A Mother's Forgiveness

I walked through the field, watching Her as She sat in the crook of the lone tree rising from the middle of the meadow. She watched me approach and when I got close enough to make out the expression on Her face, She smiled.

"You do get so worked up on individual subjects, don't you?" She asked conversationally.

I just shrugged, saying "Sorry."

"No you aren't." She said with a laugh. She dropped out of the tree and glanced over Her shoulder at me. "But I forgive you."

"Now that was just spiteful." I retorted.

She laughed again. "Perhaps you are not only a student, but a teacher as well." With an inclination of Her head, She began to walk, and I followed Her. "But I wasn't being spiteful. I have a point to make."

"Of course you do." I said. "And I suspect from your tone, that your point is that I am wrong."

"Now you are being petulant." She rebuked me. "Few are the times that I have come right out and said you were wrong about something. I would like to discuss it though."

"Okay, then let's discuss." I said shortly. "Where are the flaws in my argument?"

Her laughter seemed a musical echo, though there was nothing for the sound to bounce off of, out in the open as we were. She twirled around for a moment and sat down like a young girl at play, enjoying the sunshine. It struck me that She did look particularly young at the moment. "Of course I do, you silly boy." She replied to my thought. "And you know perfectly well why, so don't change the subject."

"Which is how my argument is flawed." I said, more annoyed. "So flawed that my mere suggestion that you point out how has you laughing at me."

"I am not laughing at you. Not in the sense of mockery. I do find it amusing, thought, that you have set yourself ready to include me into your debate. To defend your position about me against my own opinion on the matter." She ran Her hands over the grass, and a single flower rose up to meet Her hand. She picked it and slid it into Her hair. "Surely you see the humor in this."

"Yes. Hilarious." I sat across from Her. "So are you going to enlighten me?"

"Probably not. You are so bullheaded sometimes. I will try to let you enlighten yourself though."

"So you will leave me to talk this over amongst myself and get back to you with what I come up with?" The sarcasm crept in.

"Tell me why it is that you push so hard on this topic of forgiveness. Why you are so adamant against it that you get annoyed when I utter the words 'I forgive you'". She rose to Her feet again, and once more I followed Her.

As She walked along, I watched the various flowers and plants growing up in Her wake, wherever She had placed Her feet. It gave me time to consider. "I guess that I can't sum it up any better than to say that I find the teaching dangerous and irresponsible." I admitted. "I have many points that lead me to this conclusion, but you are already familiar with them all."

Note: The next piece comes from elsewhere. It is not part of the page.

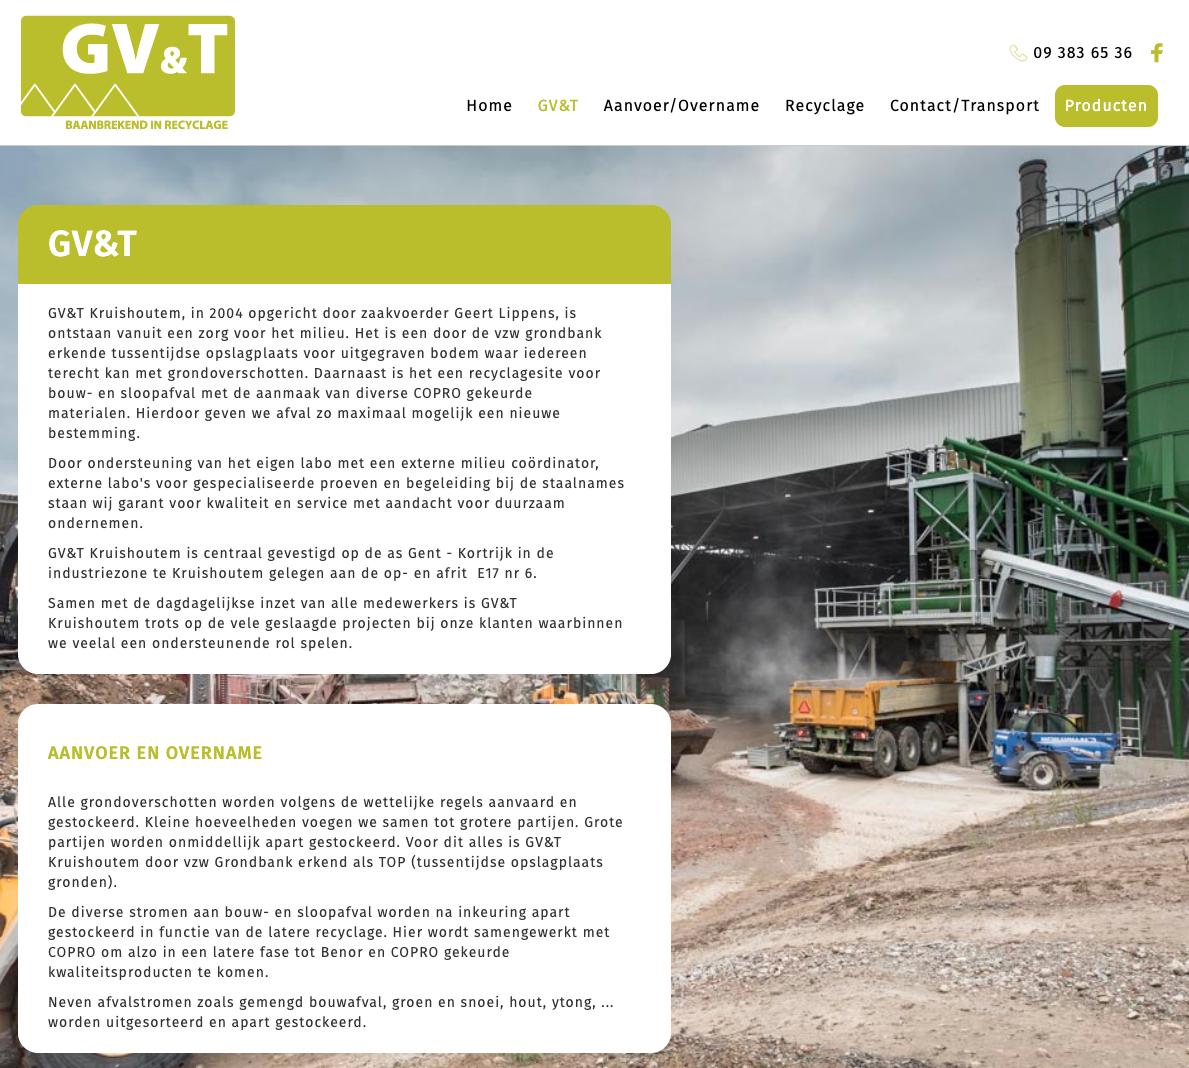 GV&T - Baanbrekend in recyclage vervolgpagina

"Moreso than you." She said with a smile in Her voice. A hint of sadness crept in. "But you delude yourself."

"How so?" I demanded.

"Because you don't truly have an issue with the word, or even the concept." She turned to face me, a look of concern in Her eyes. "You use the examples of the dangerous routes the concept can take, and use them as your evidence that there is a problem with the concept of forgiveness. A problem with the teaching. But you know as well as I do that it isn't the concept or the teaching that is the problem. It is how some people will misinterpret it and or twist it when they teach. You can't fault the concept for this, because this can happen with any concept. You know this."

"I guess I do know that." I admitted. "But what good can the concept of forgiveness offer?"

"You know the answer to that question already." She replied, turning to walk along the meadow once more. "You have answered it in your rewriting of the concept in the arguments you have already made. This is why some of these arguments you get in bother me. You both argue the same point and wonder why you haven't convinced the other to see the logic of your statement."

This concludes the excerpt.